++++ INFORMATION SUPPLIED ++++
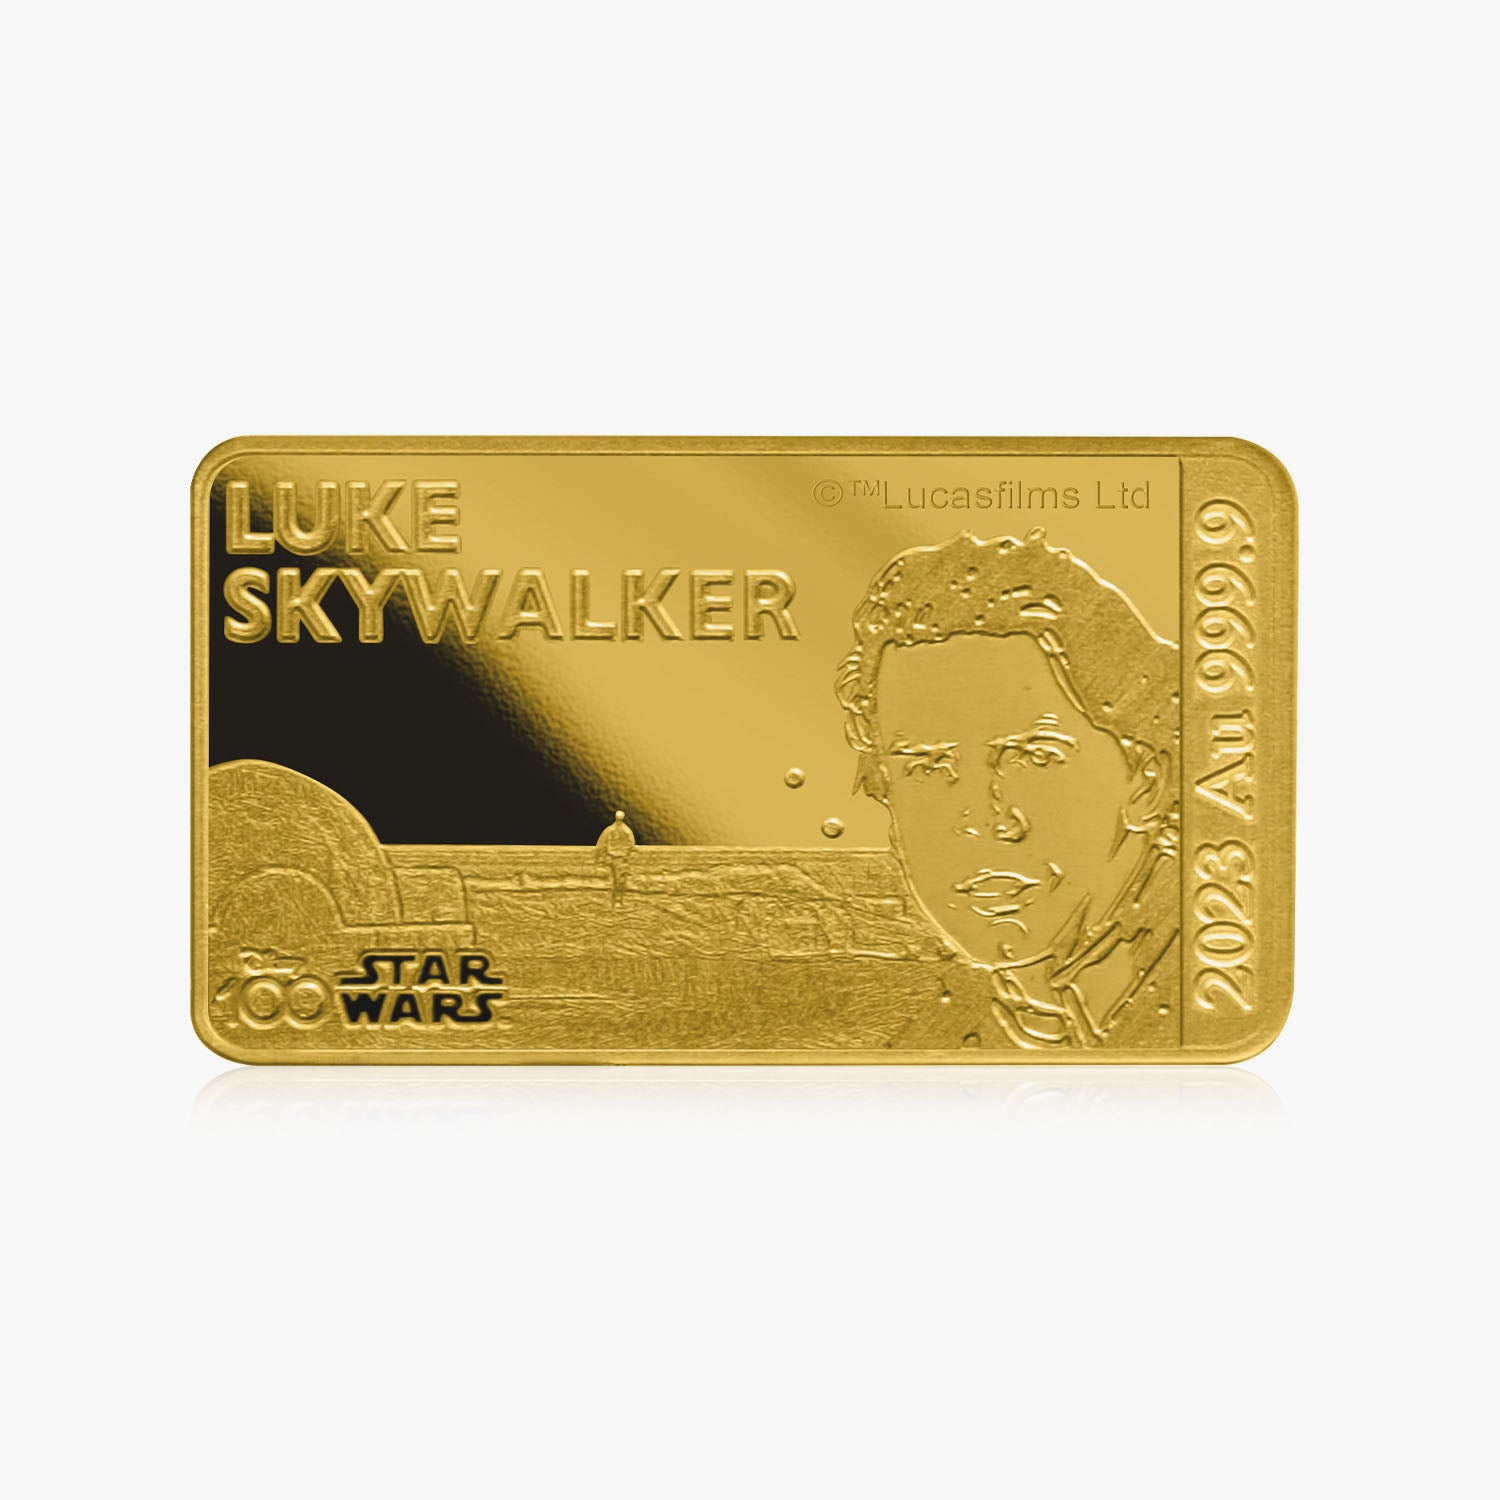 Star Wars Luke Skywalker Solid Gold Bar
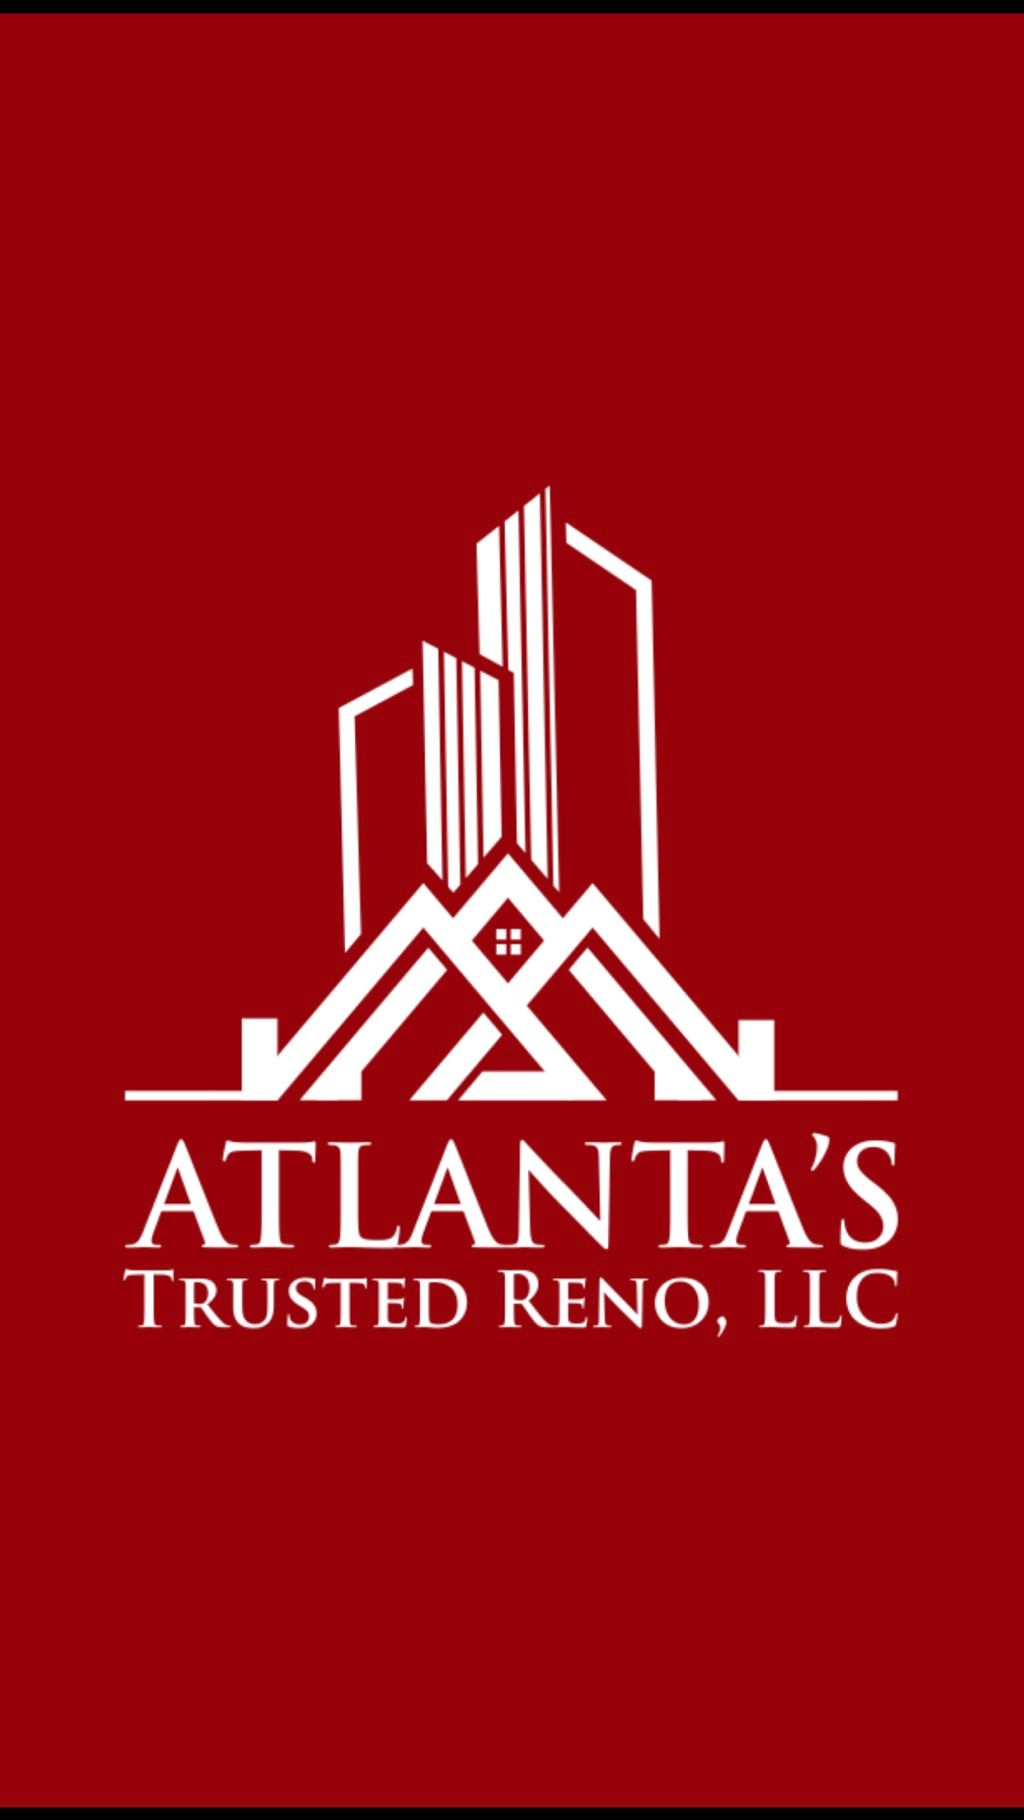 Atlanta’s Trusted Renovations, LLC
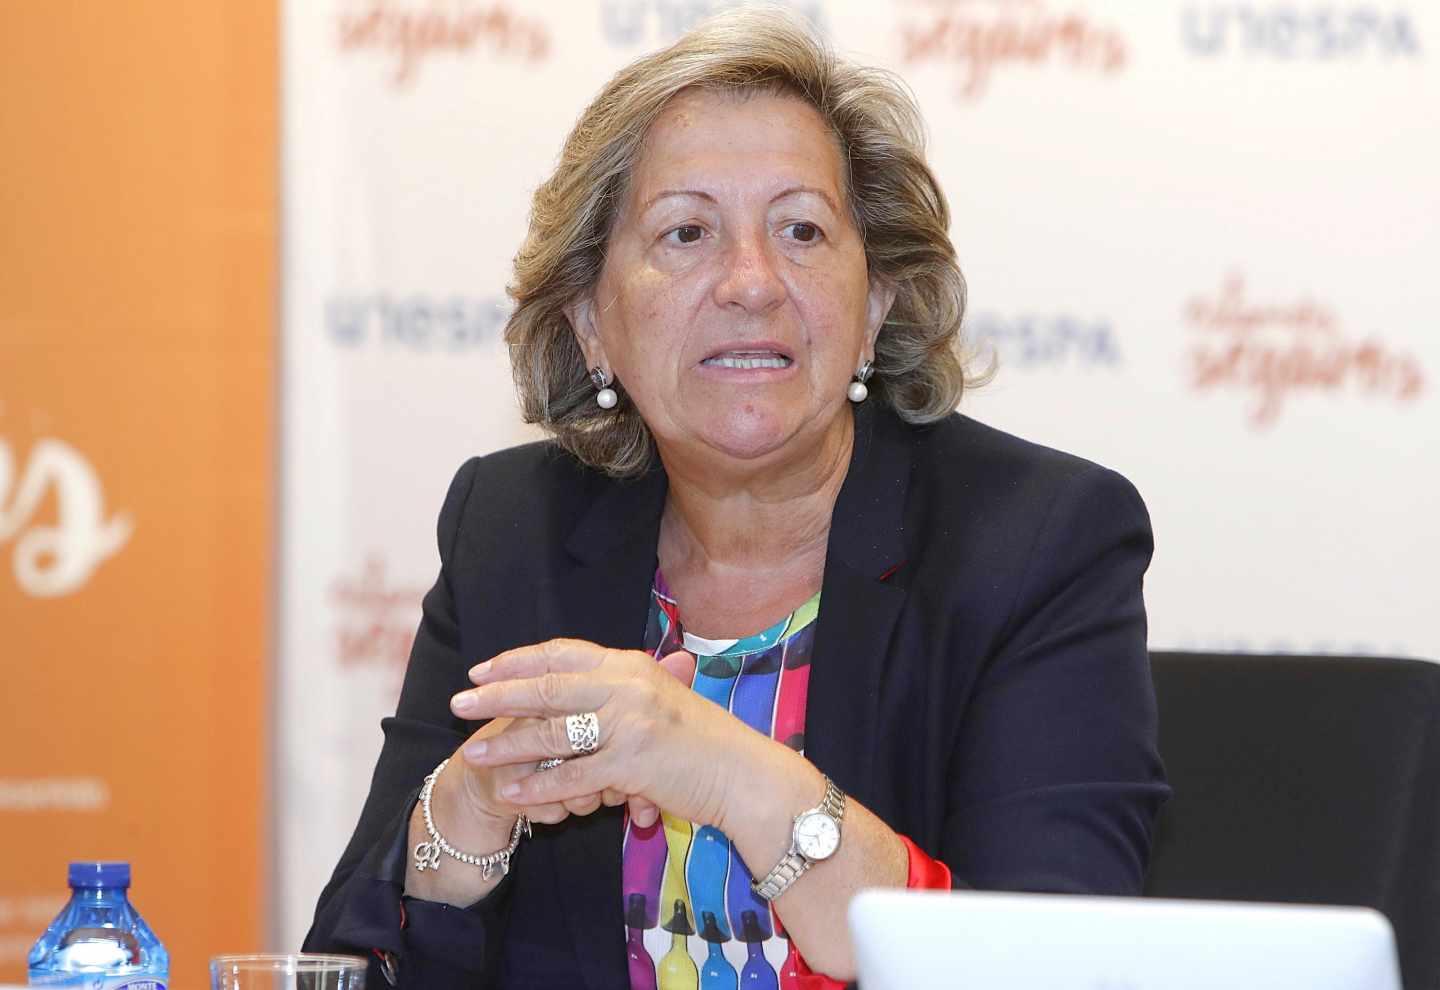 La presidenta de Unespa, Pilar González de Frutos.
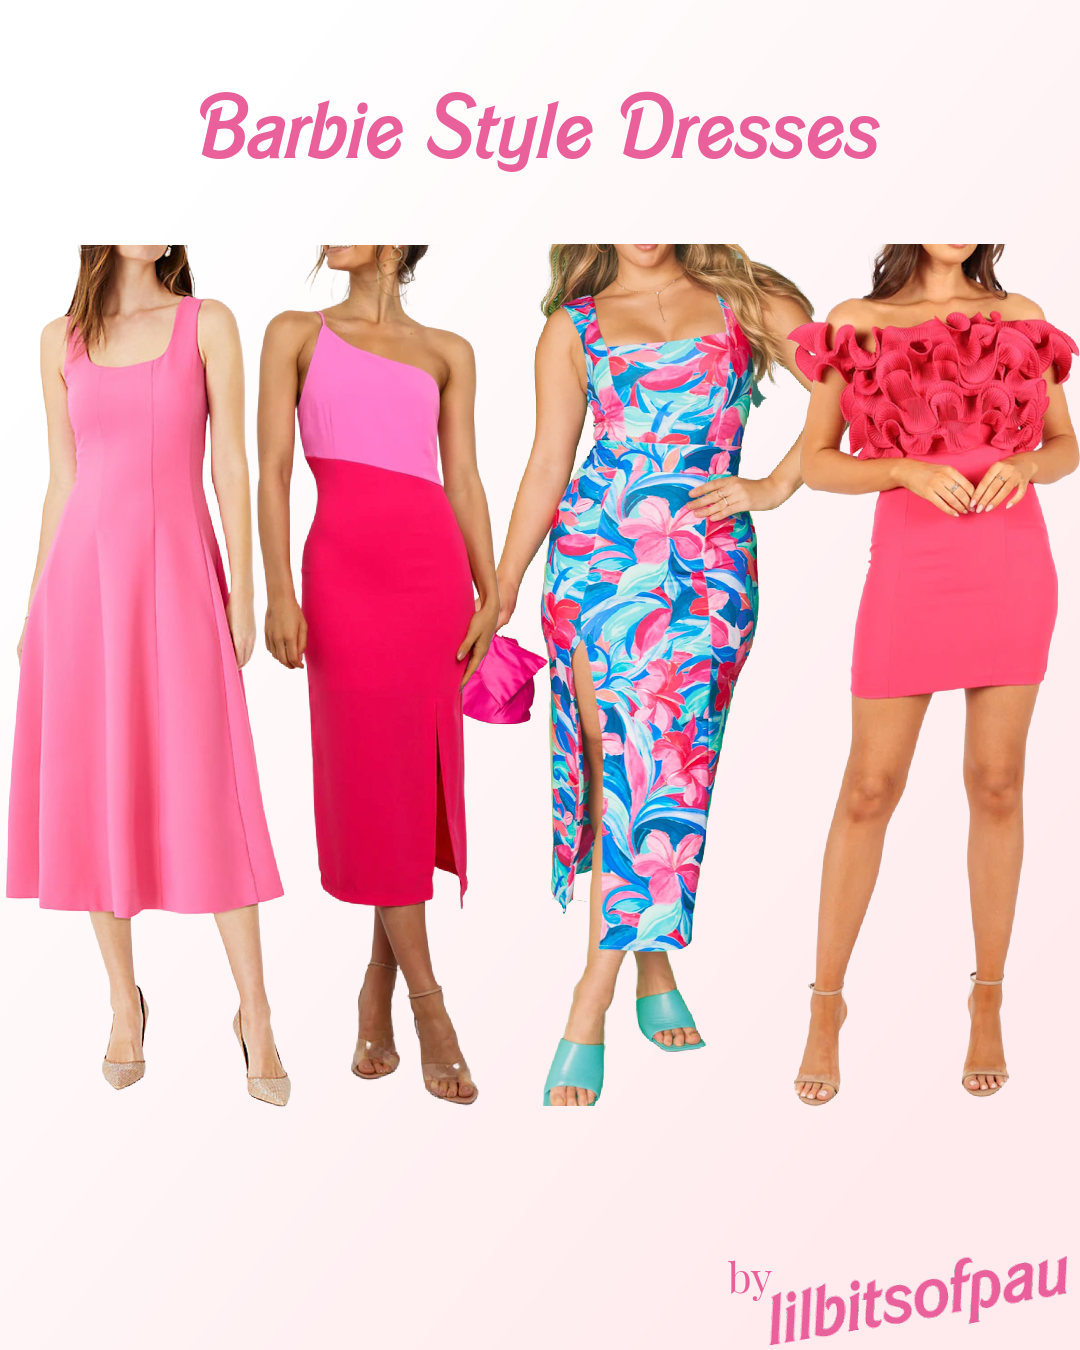 Barbie Outfit Ideas for Women, Barbiecore
++++
### PROBLEM TO WORK ON
Nothing but the lines from the line containing "La presidenta de" through the last line of the listing above should appear, output exactly, with no pictures.

### TASK OUTPUT
 La presidenta de Unespa, Pilar González de Frutos.
 Barbie Outfit Ideas for Women, Barbiecore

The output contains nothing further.